Problem to work on >> Going from the top of the listing below to the line that holds "针对西餐厅猫物语形象做的pop手绘海报.", reproduce each line exactly; no pictures.

────────────────

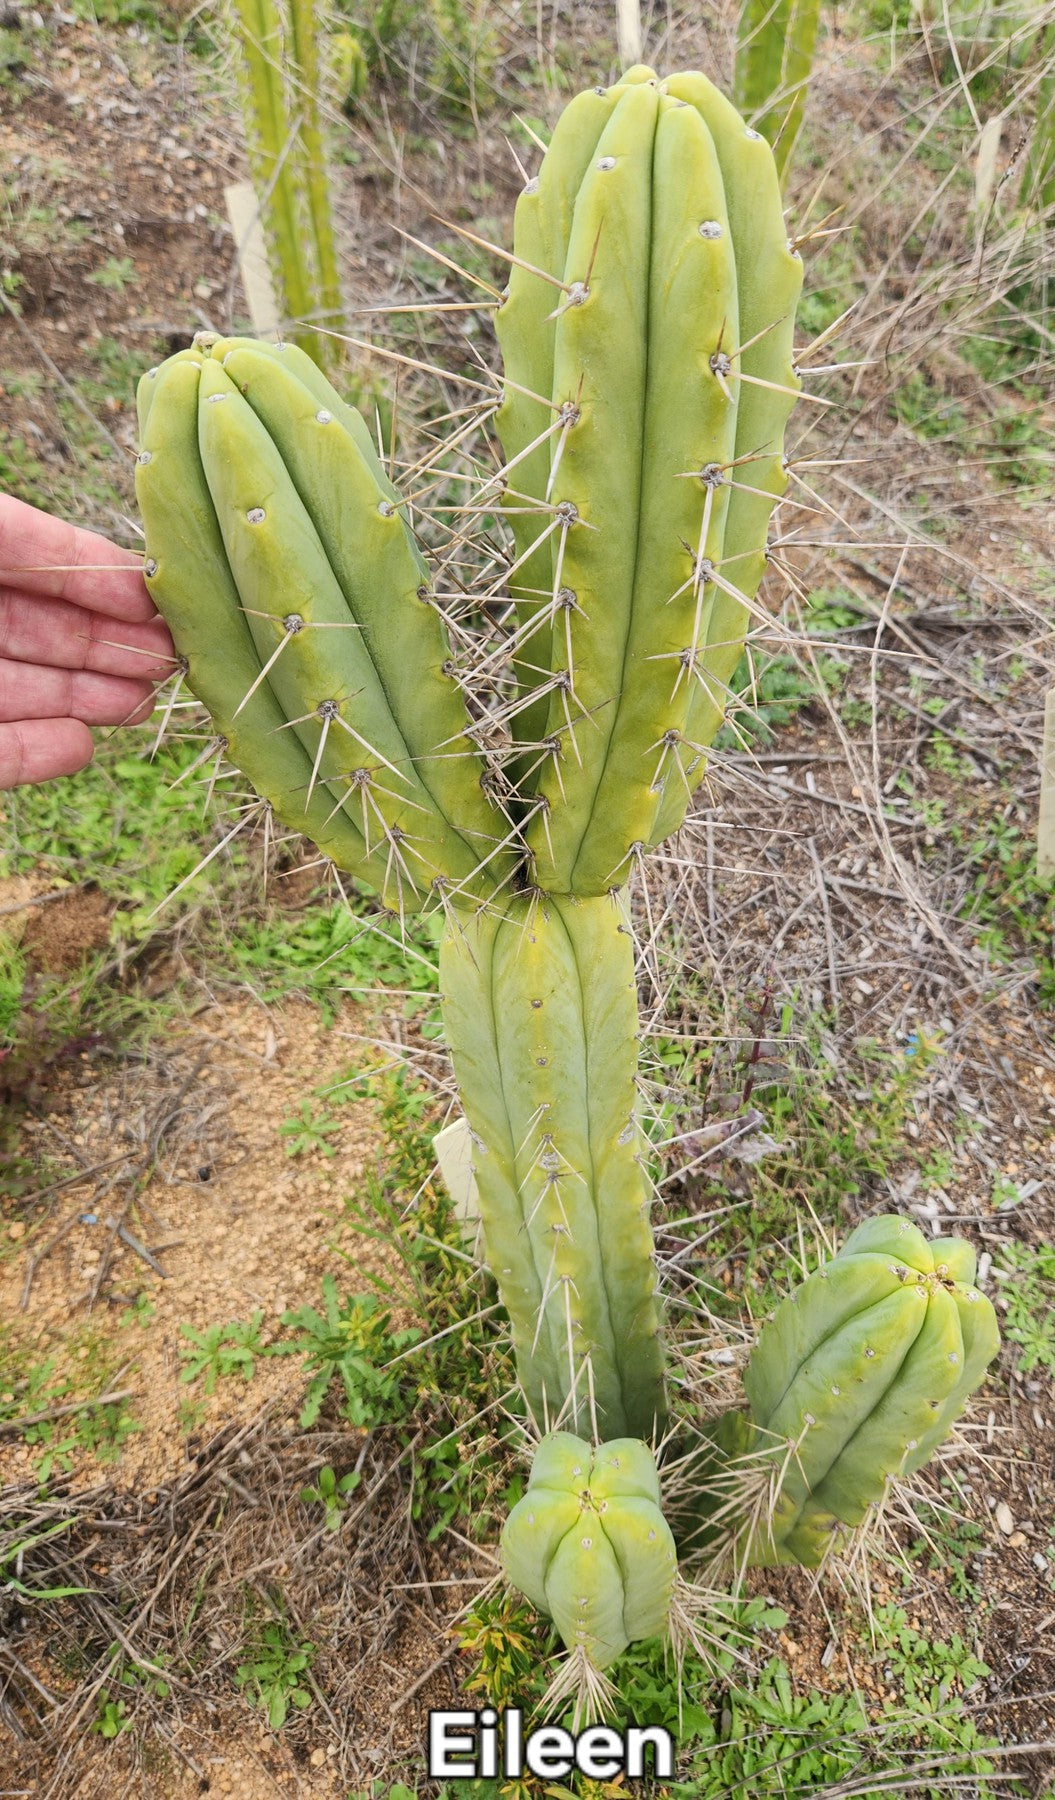 #EC19 EXACT Trichocereus Bridgesii "Eileen" Cactus Cutting 8-10"-Cactus - Large - Exact-The Succulent Source
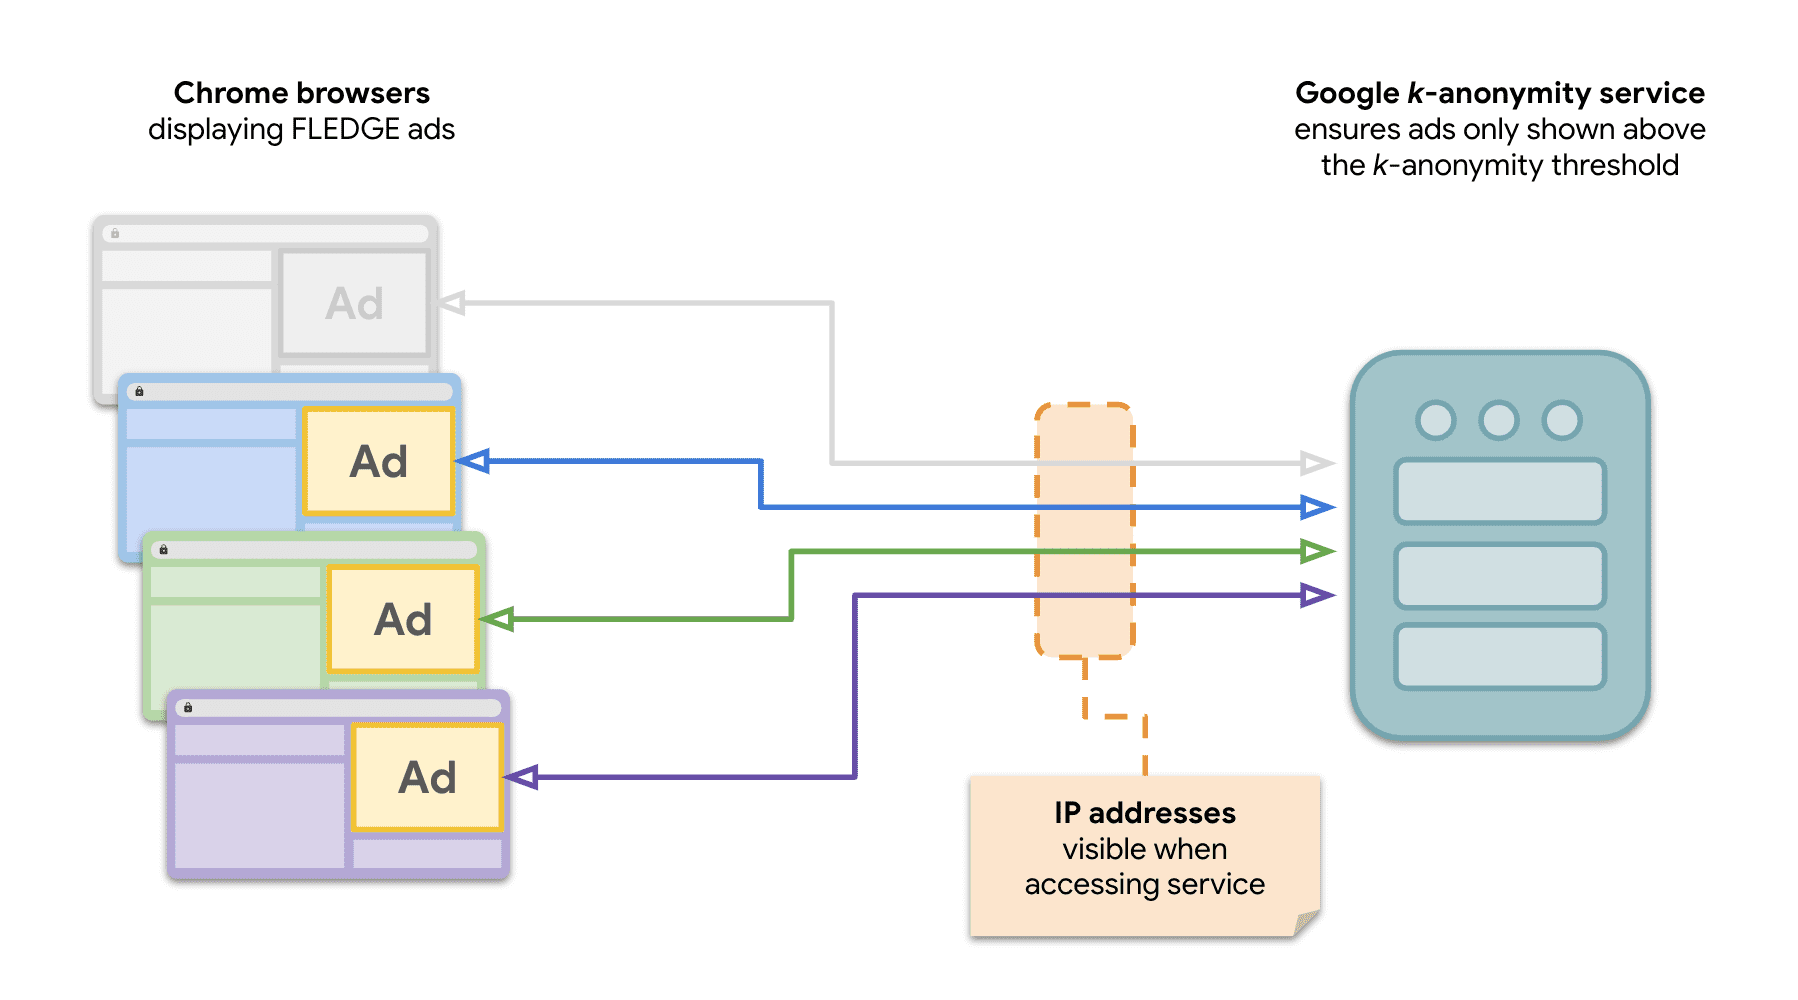 Diagramma che mostra che più siti in Chrome inviano richieste al server k-anonymity per pubblicare annunci FLEDGE.
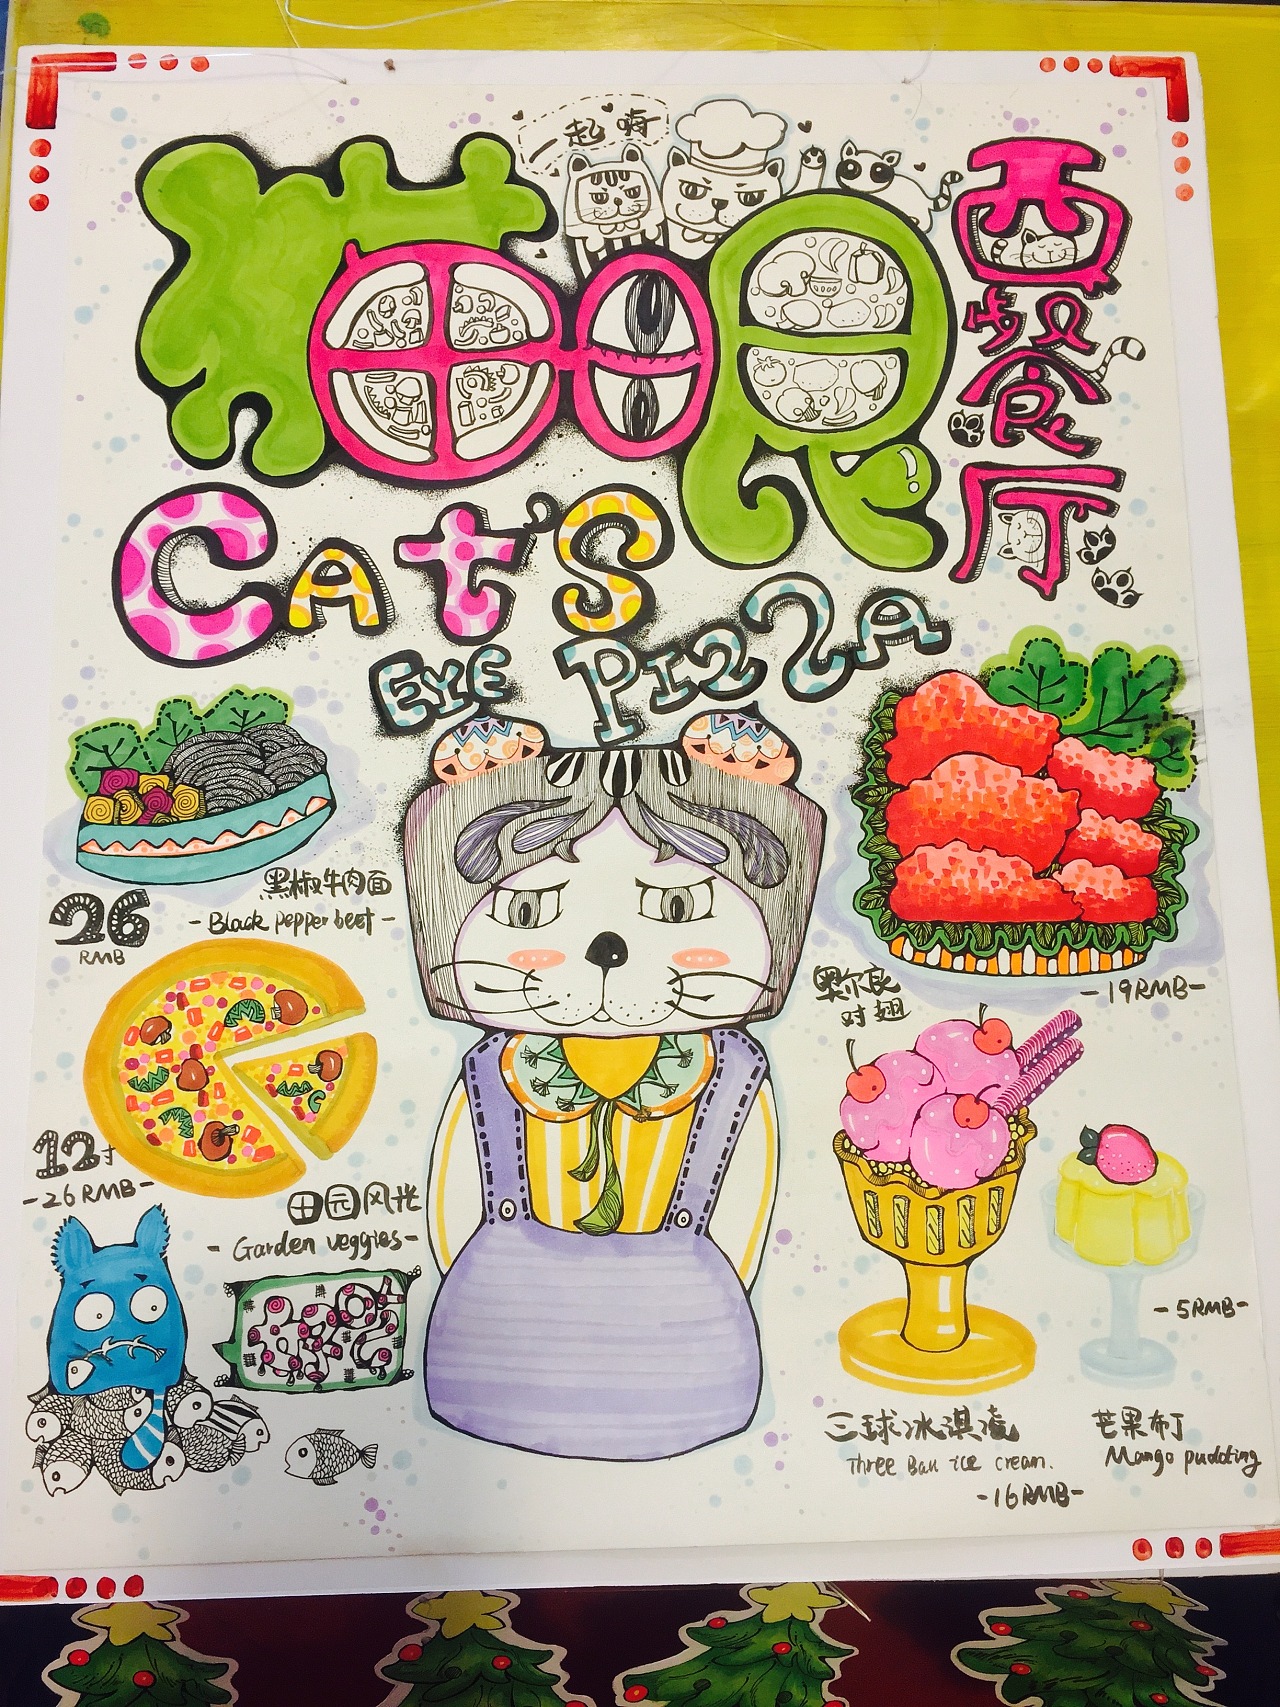 针对西餐厅猫物语形象做的pop手绘海报.
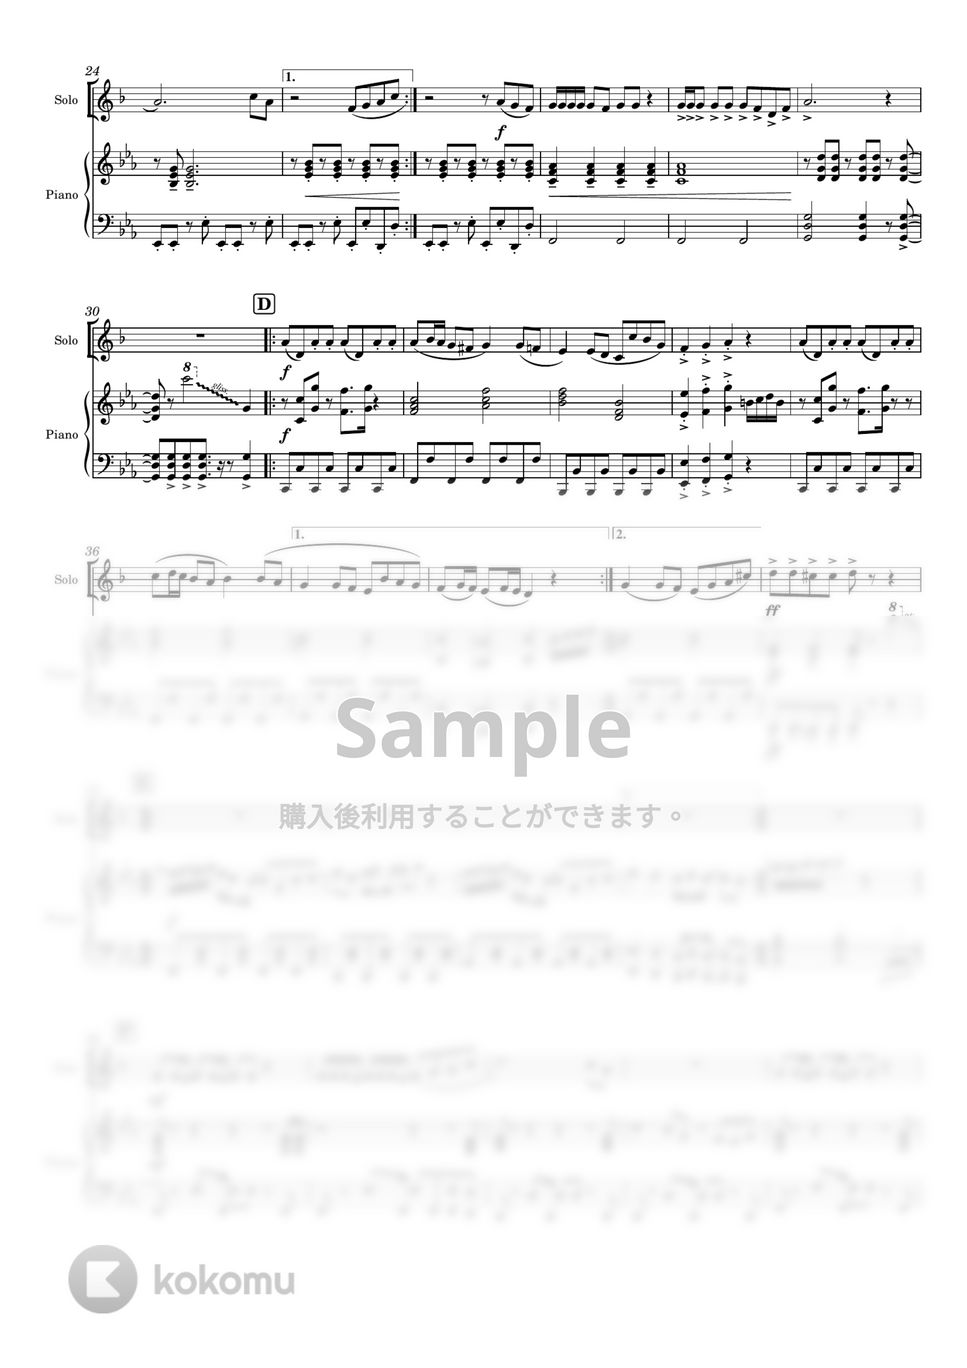 おジャ魔女どれみ - おジャ魔女カーニバル!! (管楽器ソロ/in B♭/ピアノ伴奏つき/) by Tawa
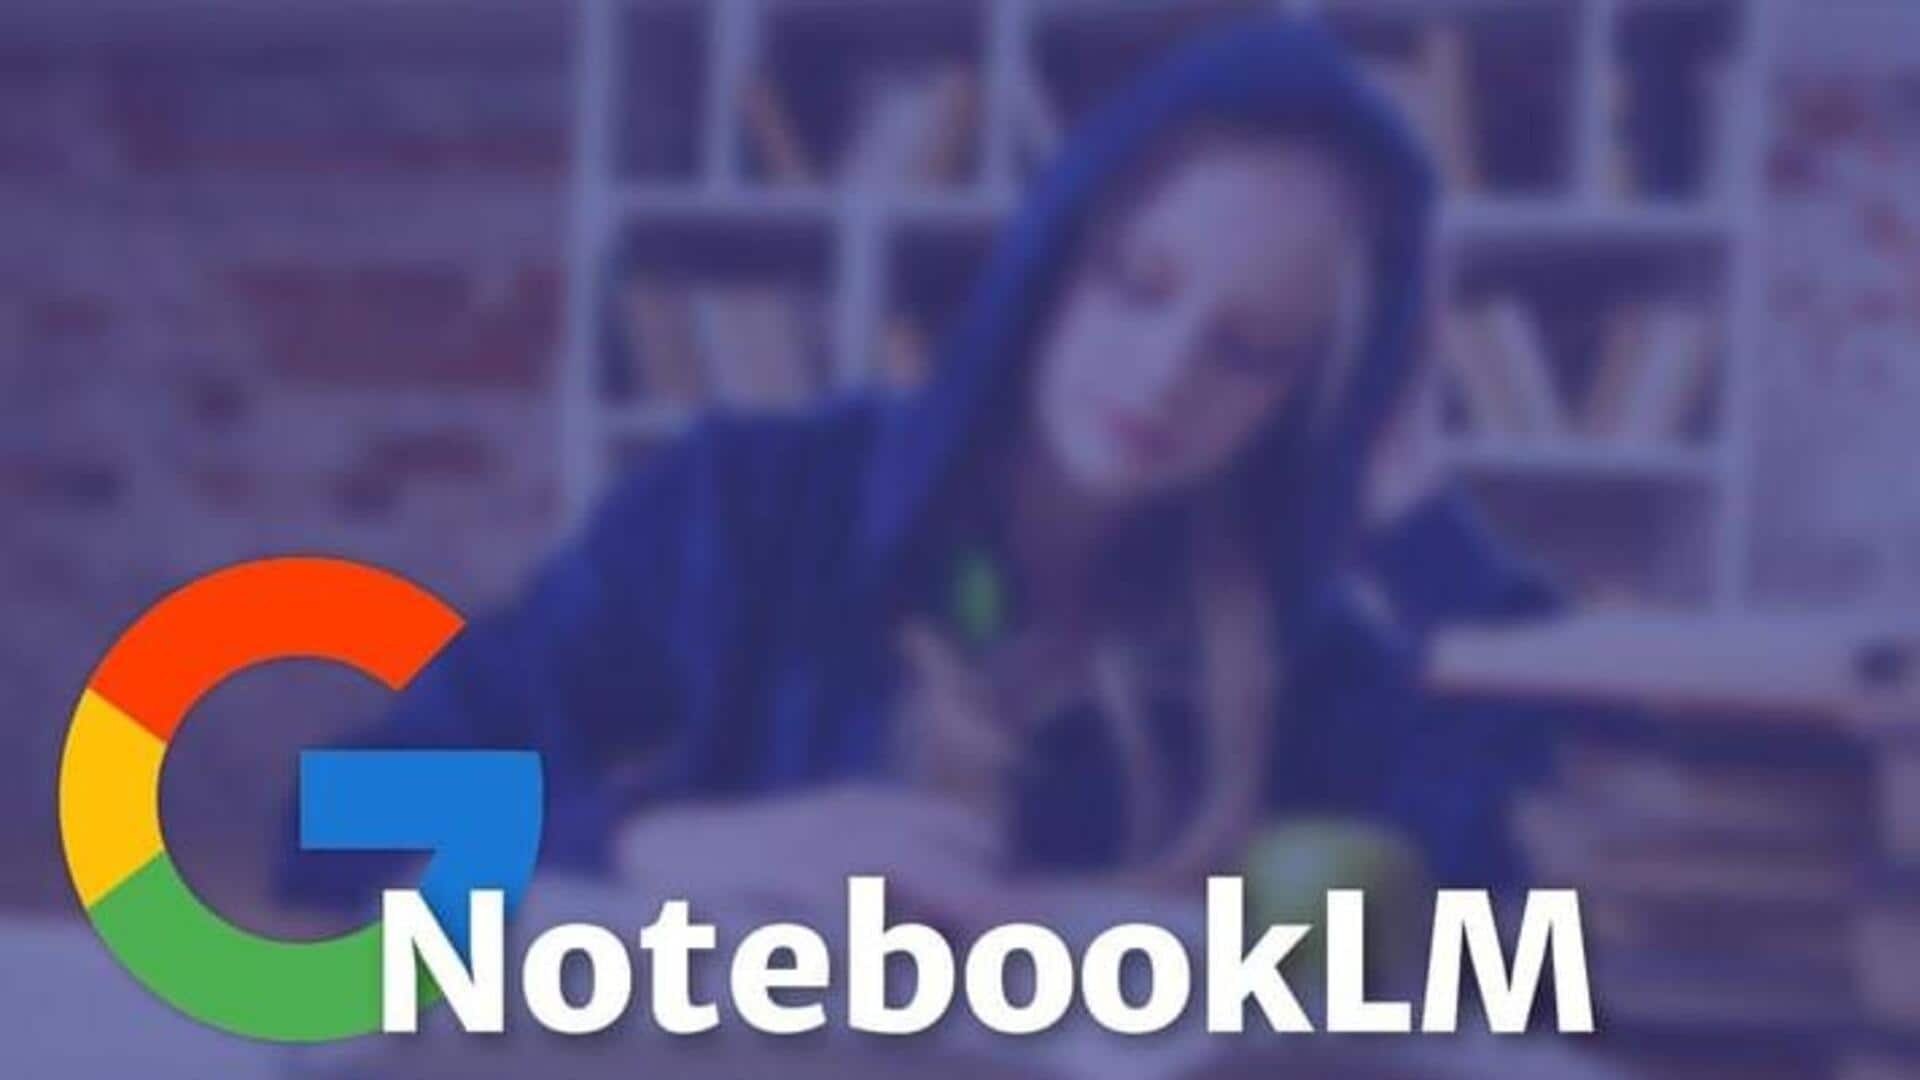 அமெரிக்க பயனாளர்களுக்கு AI வசதியுடன் கூடிய 'NotebookLM' சேவையை அறிமுகப்படுத்திய கூகுள்

────────────────

Completed task >>
 #EC19 EXACT Trichocereus Bridgesii "Eileen" Cactus Cutting 8-10"-Cactus - Large - Exact-The Succulent Source
 Diagramma che mostra che più siti in Chrome inviano richieste al server k-anonymity per pubblicare annunci FLEDGE.
 针对西餐厅猫物语形象做的pop手绘海报.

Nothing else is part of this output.